[DESCRIPTION OF THE TASK] Make an exact copy of the listing so that no picture is carried over.

[SUPPLIED DATA]
######

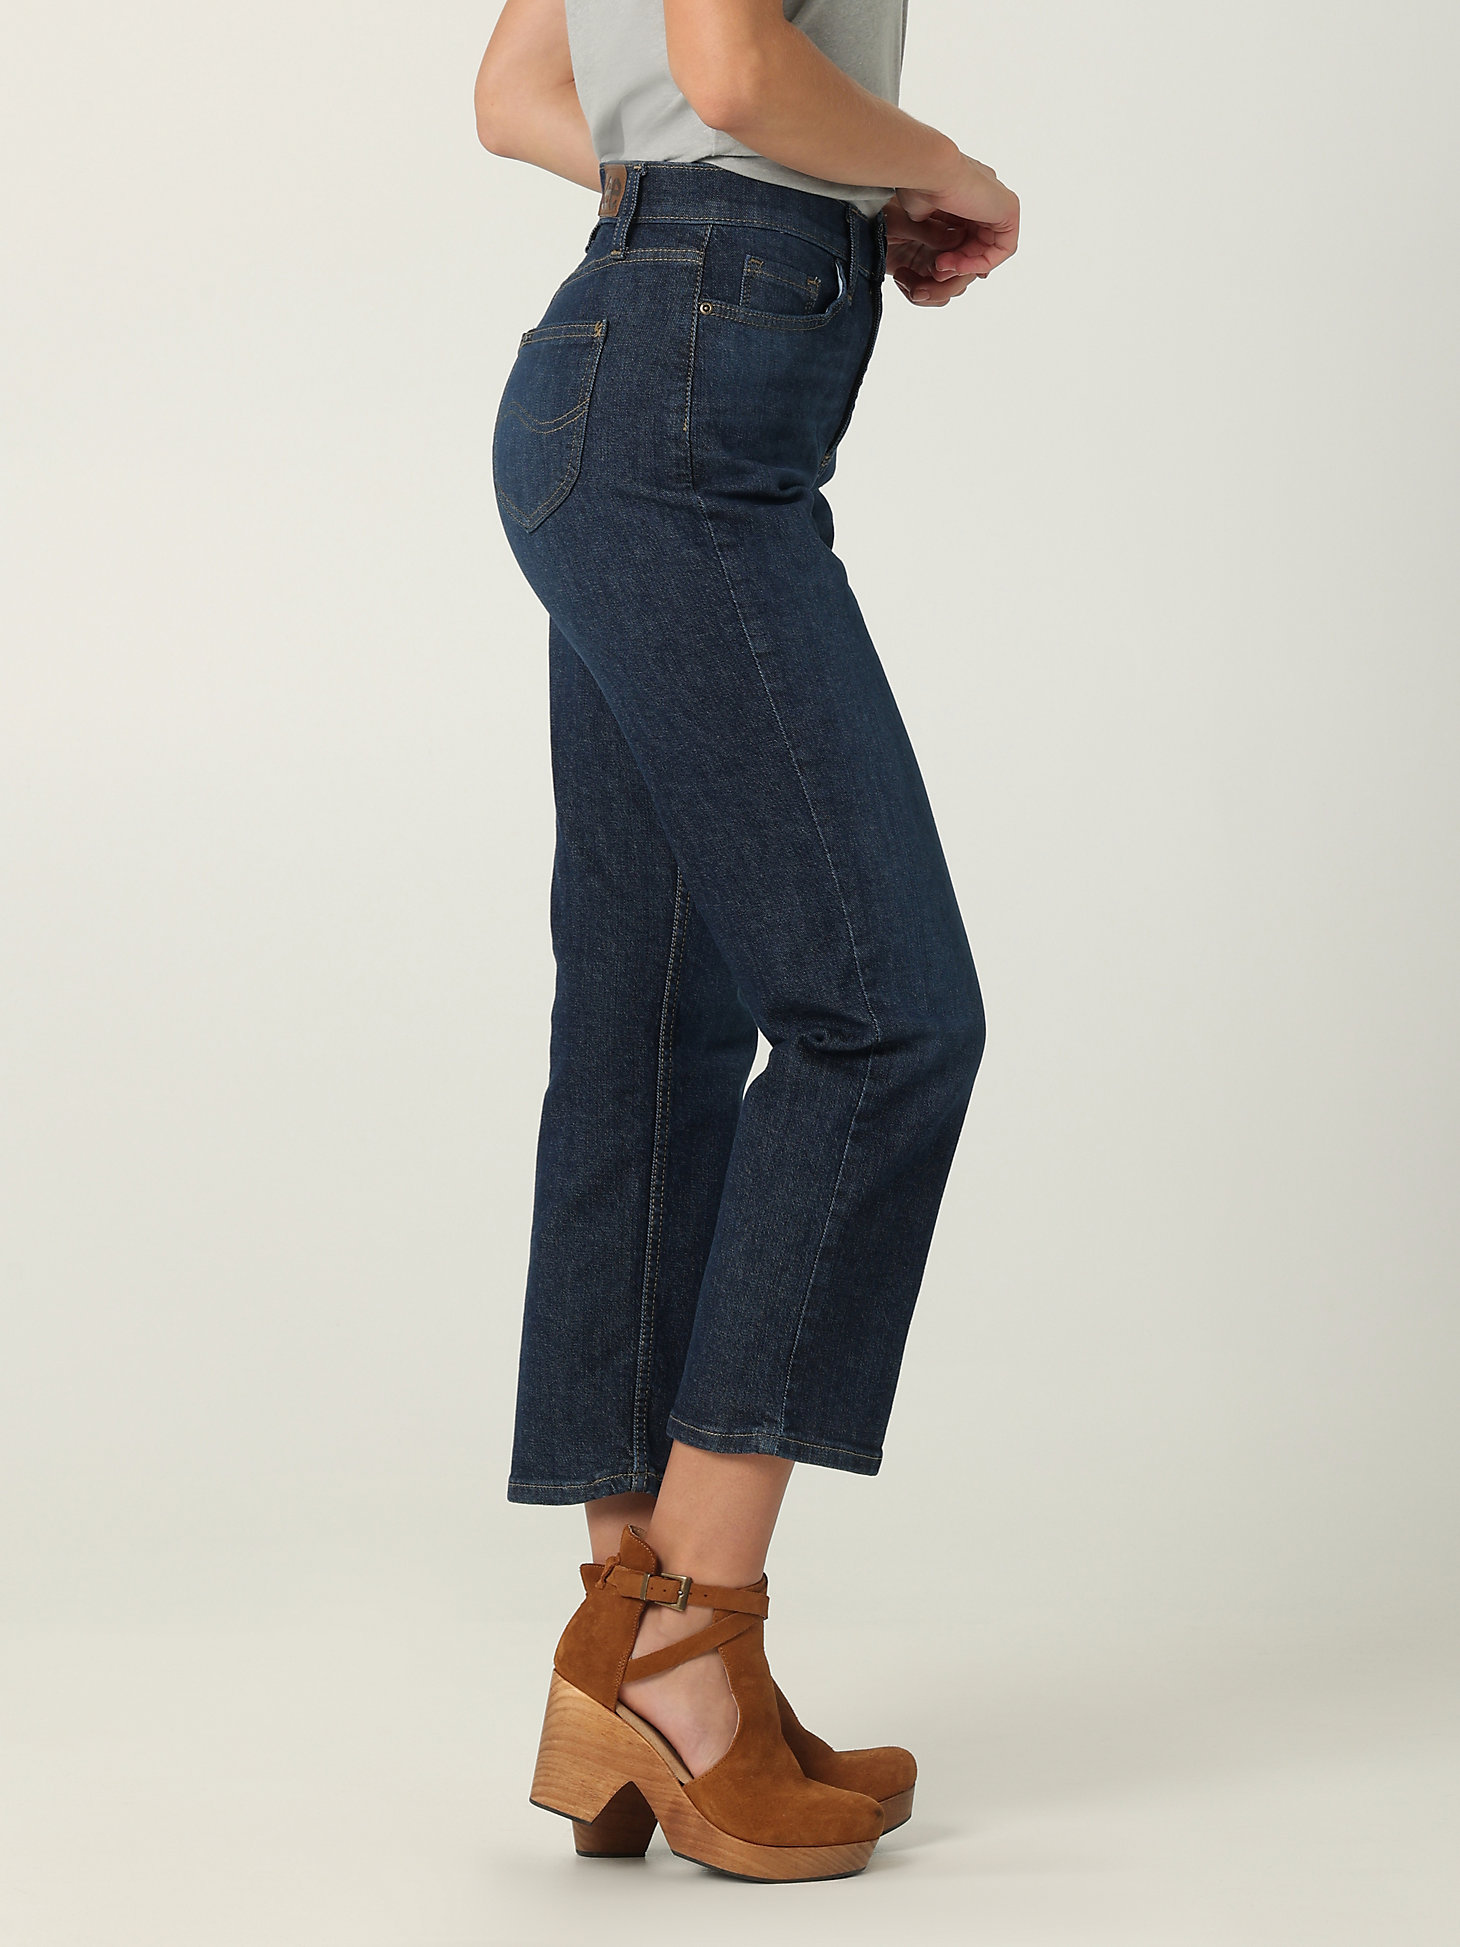 Women's Legendary High Rise Vintage Straight Jean in Inner Strength alternative view 2
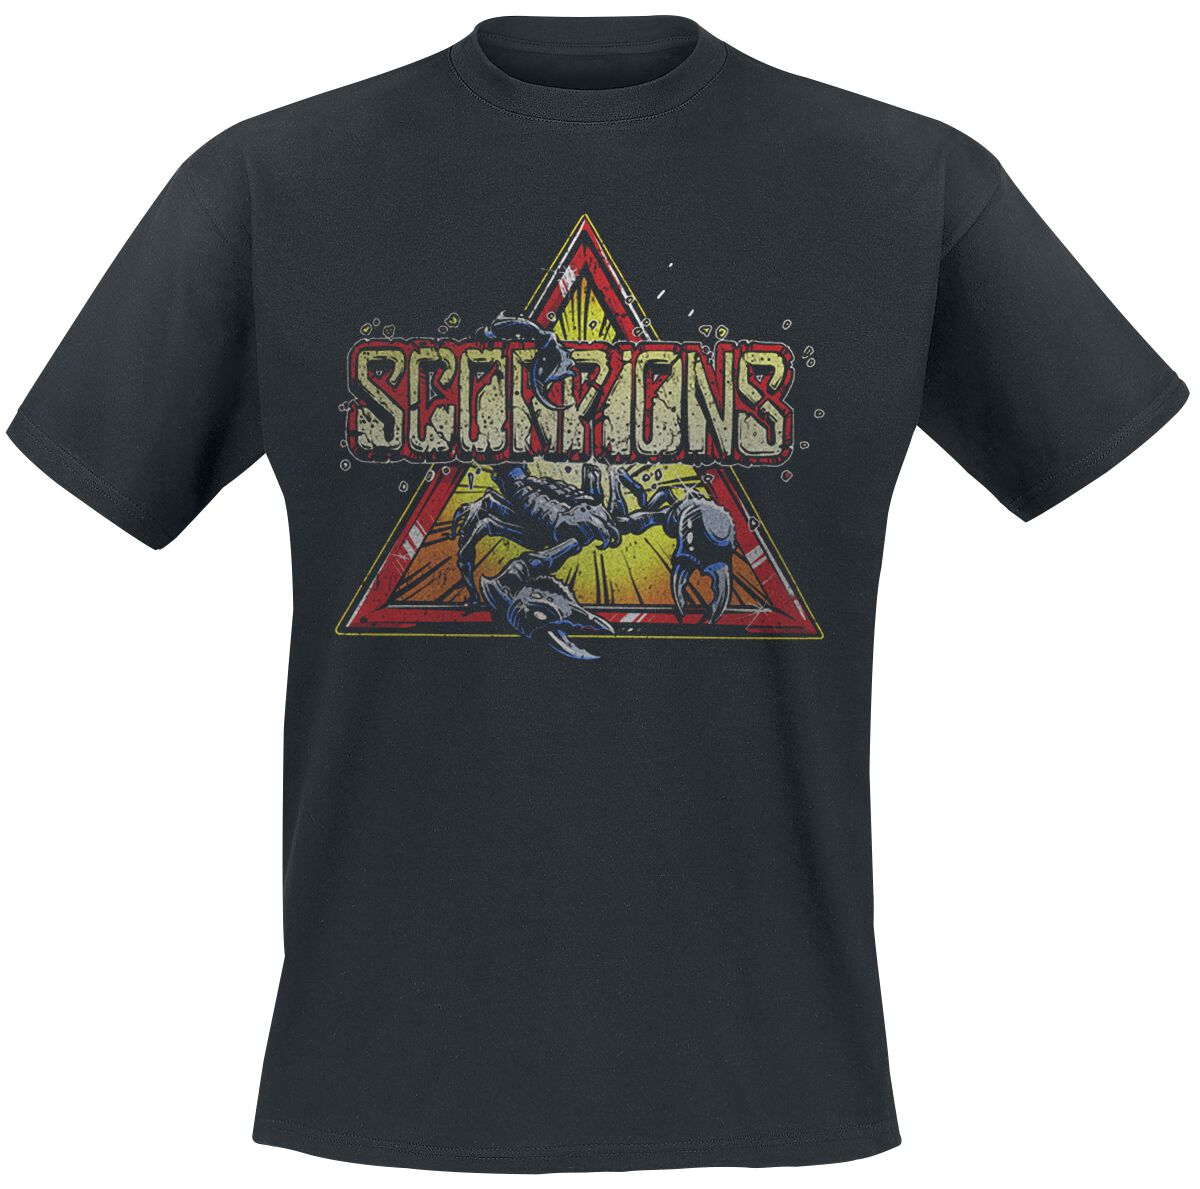 Scorpions T-Shirt - Triangle Scorpion - S bis 3XL - für Männer - Größe 3XL - schwarz  - Lizenziertes Merchandise!
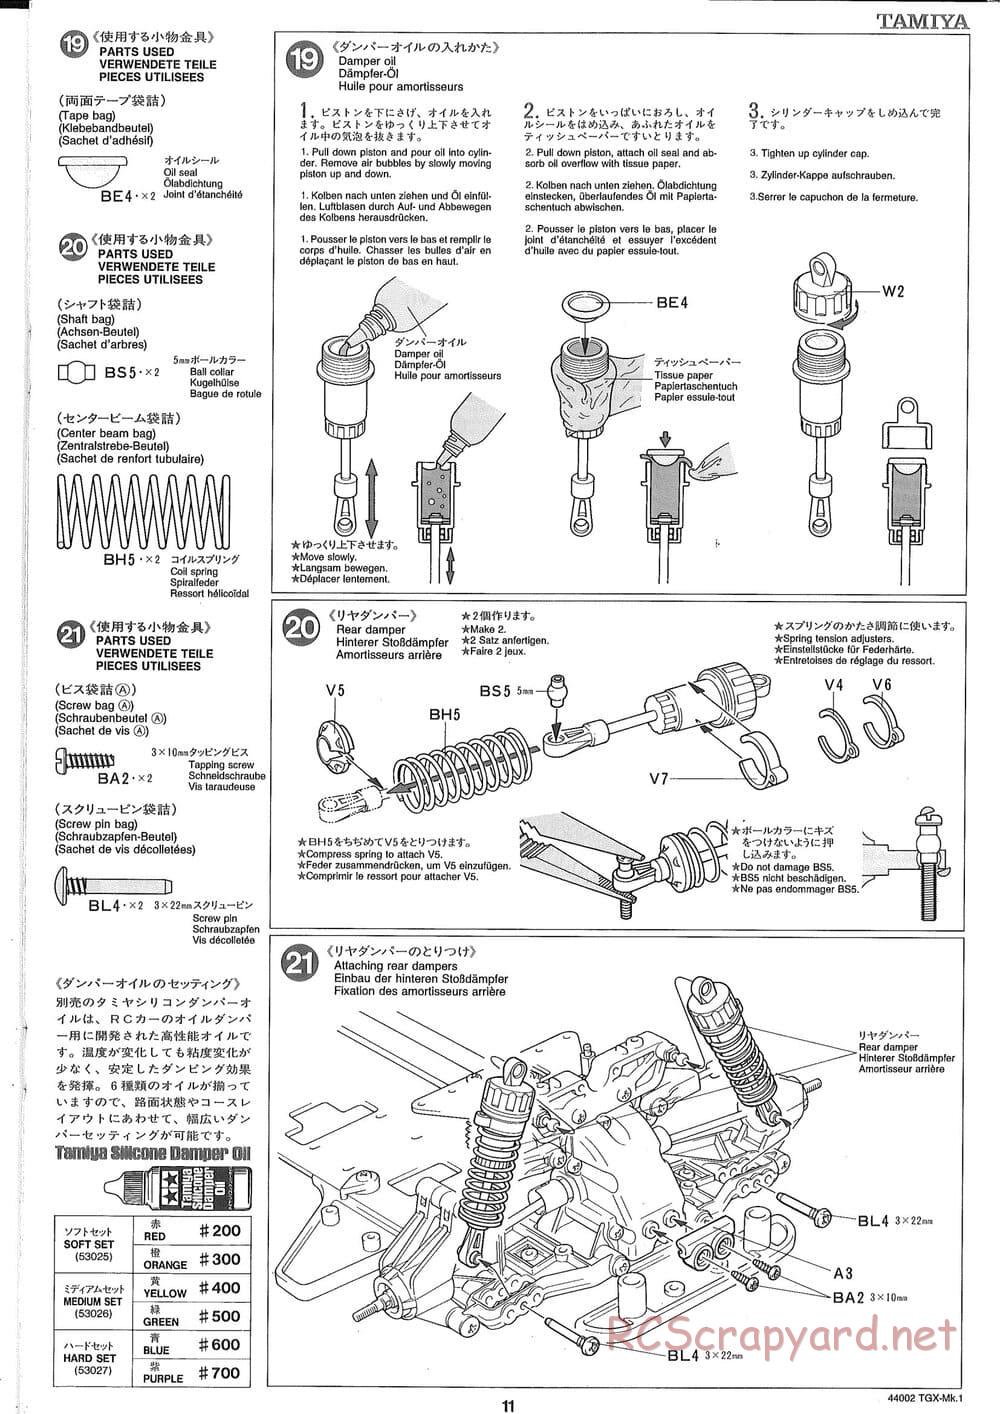 Tamiya - TGX Mk.1 TS Chassis Chassis - Manual - Page 11

######

[REPLY TO THE TASK]
 Women's Legendary High Rise Vintage Straight Jean in Inner Strength alternative view 2
 Scorpions T-Shirt - Triangle Scorpion - S bis 3XL - für Männer - Größe 3XL - schwarz  - Lizenziertes Merchandise!
 Tamiya - TGX Mk.1 TS Chassis Chassis - Manual - Page 11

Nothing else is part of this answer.